自然神学はこのように,つねに啓示神学との関係のなかで取り上げられている点は,あらためて注目すべき事柄である。換言すれば,自然神学のみが啓示神学から分離している形で主張されることは,神学自体の存在を危うくしかねないのである。したがって,啓示についていえば,上述の特殊的な啓示,キリストによる啓示が,あくまでも第一義的である。そして第二義的な意味における一般的啓示,自然・歴史・良心を媒介とする啓示がおかれている。この関係について,とりわけ20世紀のキリスト教神学では,ほぼ基本的な一致が見られる。ただし,一般的啓示ないしは自然神学の範囲が,どこまで認められるべきかに関しては,多くの議論があり,かんたんに一致し得ない状況が継続している。
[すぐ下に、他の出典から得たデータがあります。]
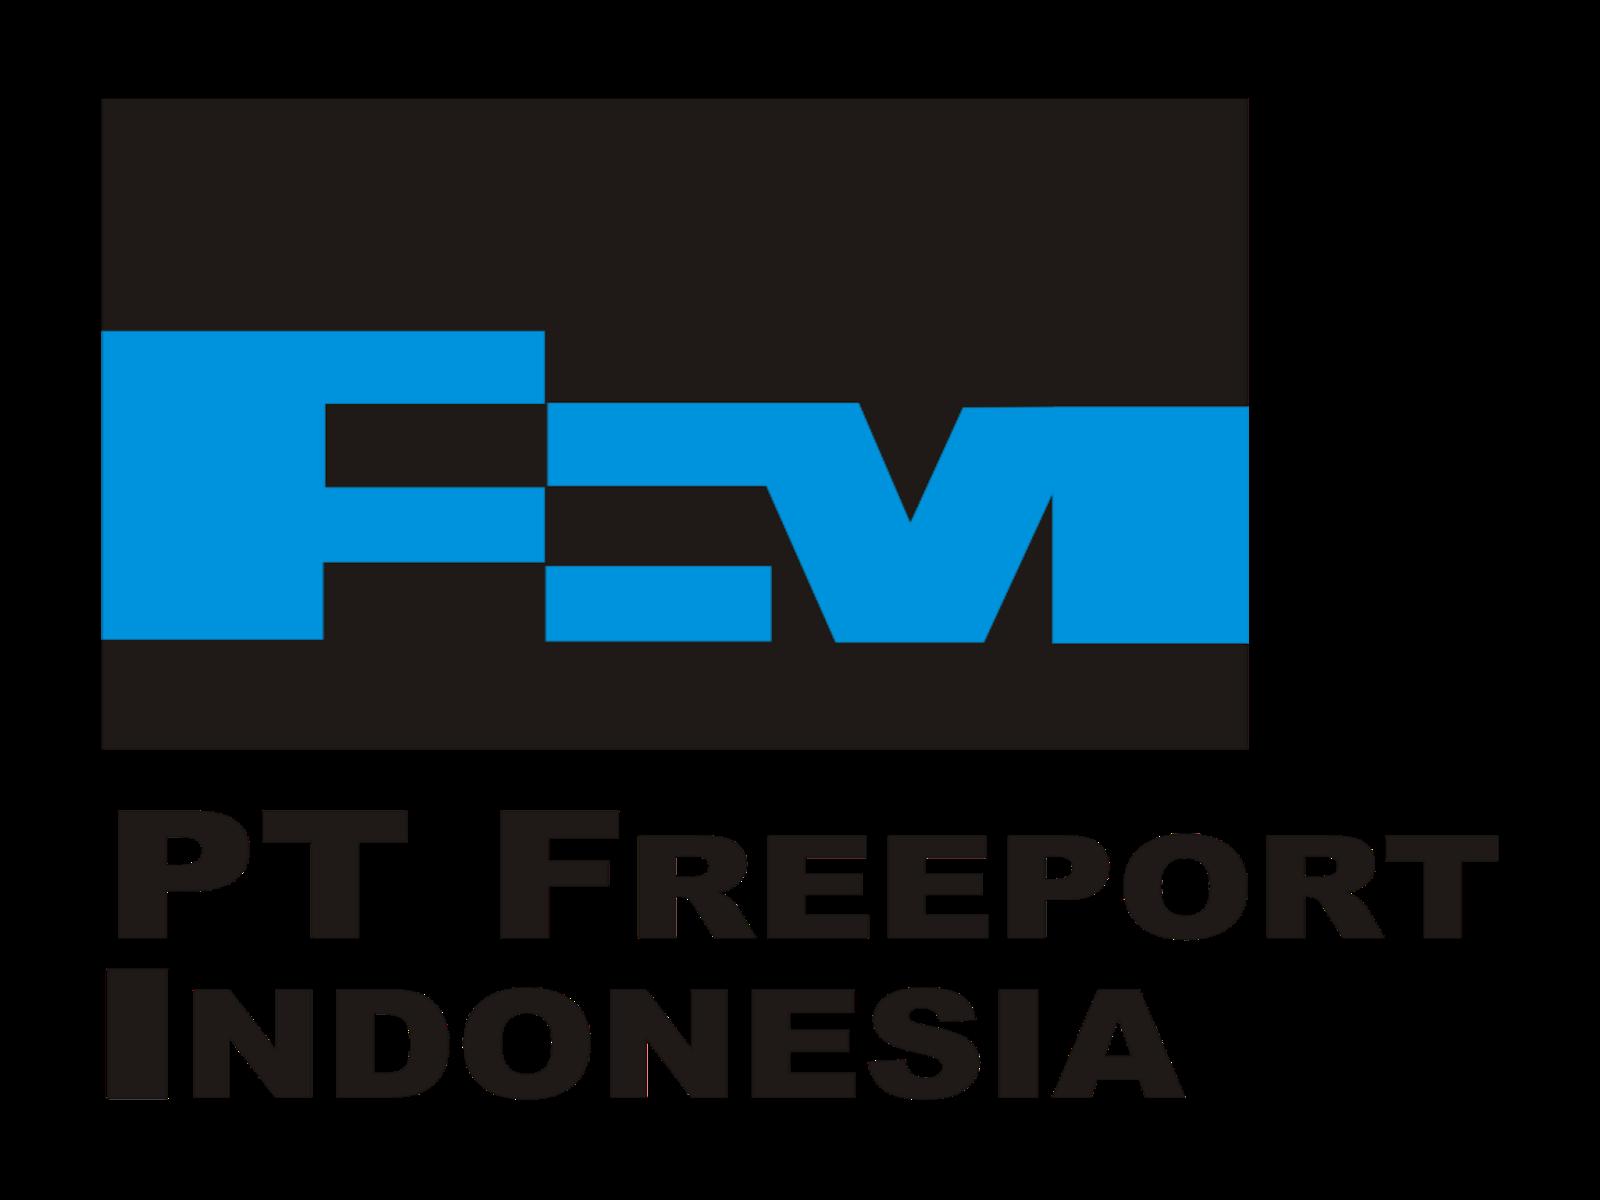 PT Freeport Indonesia

この点に関して,プロテスタント神学における例として,自然神学論争をあげてみたい。これは1930年代半ばに,バルトとブルンナーとのあいだに行われた論争をいう。またこの論争には,弁証法神学の運動を展開していた両者に存在した,神学方法論上の相違も背景にある。ブルンナーは,神に創造された人間には堕罪の後も神のかたちの実質が残されており,キリスト教の宣教活動には,こうした結合点が用いられて然るべきである,と主張した,(『自然と恩寵』1934)。ブルンナーの論旨は,神に対する人間の応答する能力あるいは責任を重視するものであり,その意味において自然神学は,正しい意味において保持されなければならないとする内容であった。これに対して,バルトは強く拒否の態度を示し,自然神学,一般的啓示を全面的に否定したのである(『否!エミール=フルンナーヘの答え』1934年)。かくしてバルト白身は,あくまでもキリストにおける神の啓示を中心にした,神学の展開をめざすこととなった。
自然神学論争の例が示すように,一般的啓示や自然神学の範囲に関する立場には,さまざまなものがあり,とくに諸宗教の理解は新しい課題となっている。